### WHAT IS BEING ASKED
An exact copy of the data is needed, one that excludes all pictures.

### DATA EXCERPT
^^^^^^^^

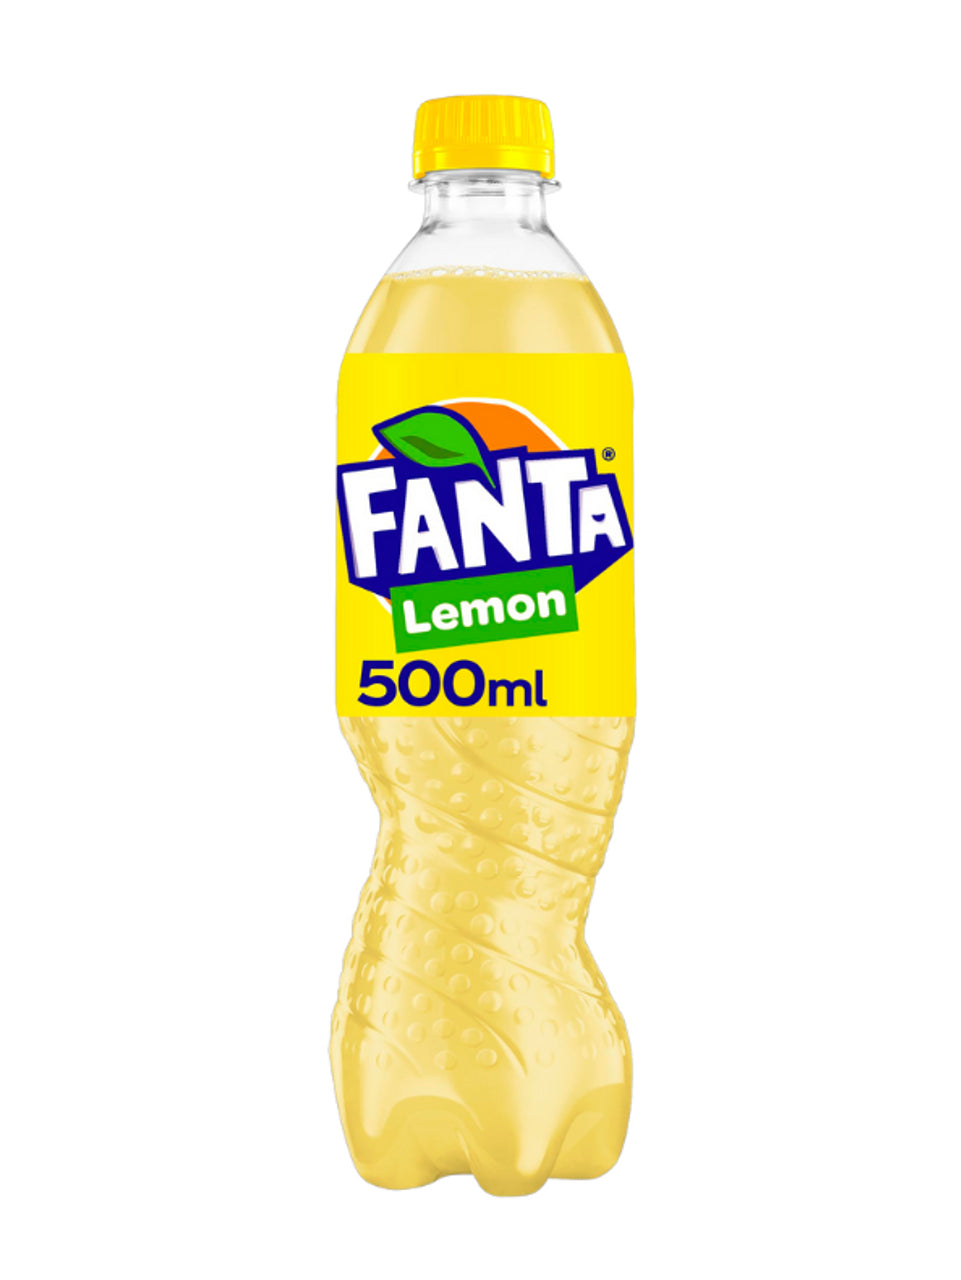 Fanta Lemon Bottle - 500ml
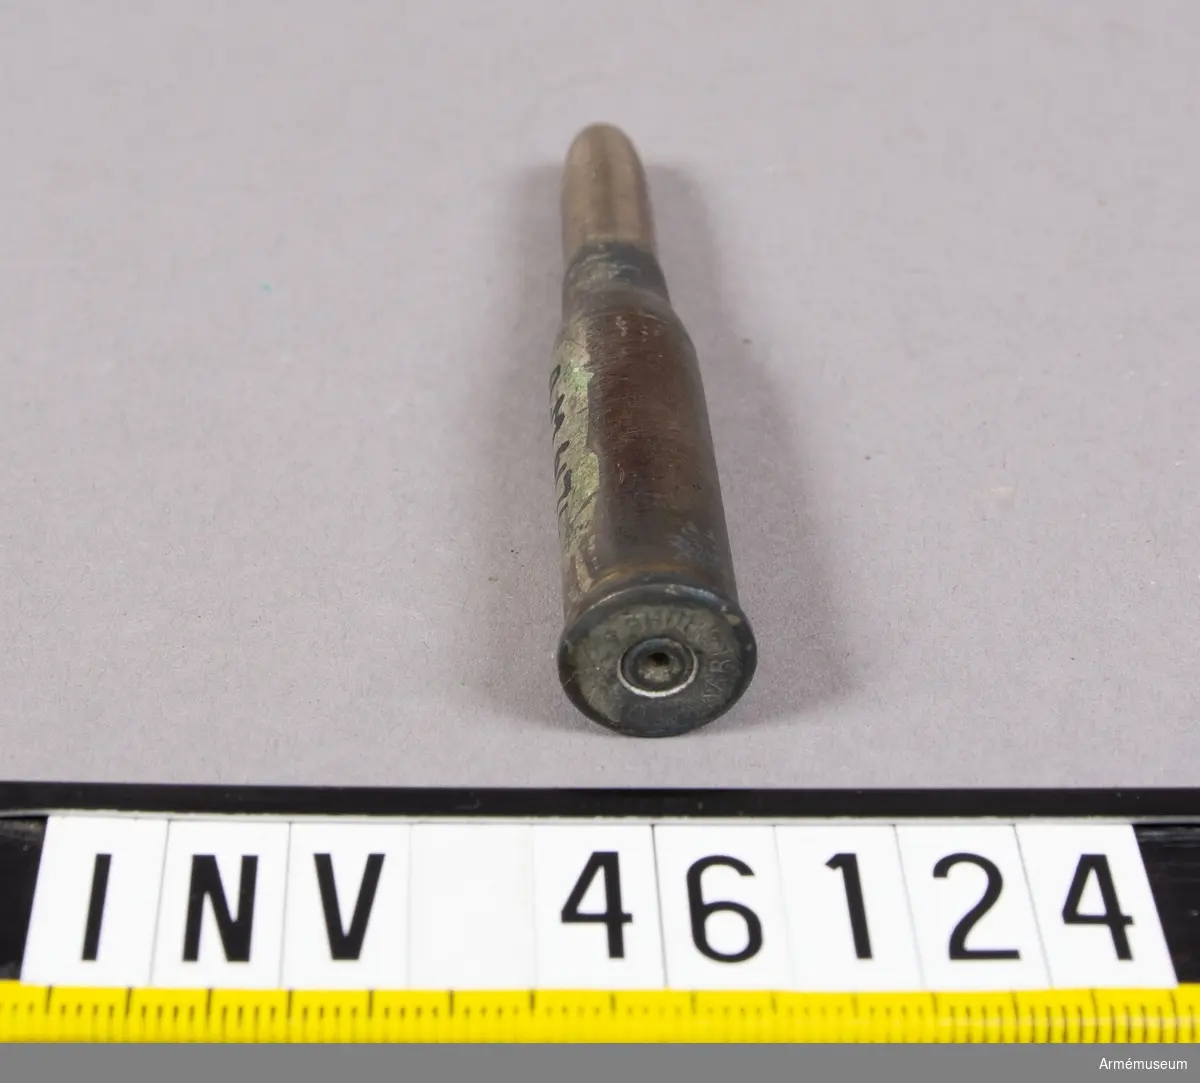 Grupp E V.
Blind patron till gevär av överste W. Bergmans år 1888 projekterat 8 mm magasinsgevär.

^^^^^^^^

### ANSWER TO THIS PROBLEM
 Fanta Lemon Bottle - 500ml
 Grupp E V.
Blind patron till gevär av överste W. Bergmans år 1888 projekterat 8 mm magasinsgevär.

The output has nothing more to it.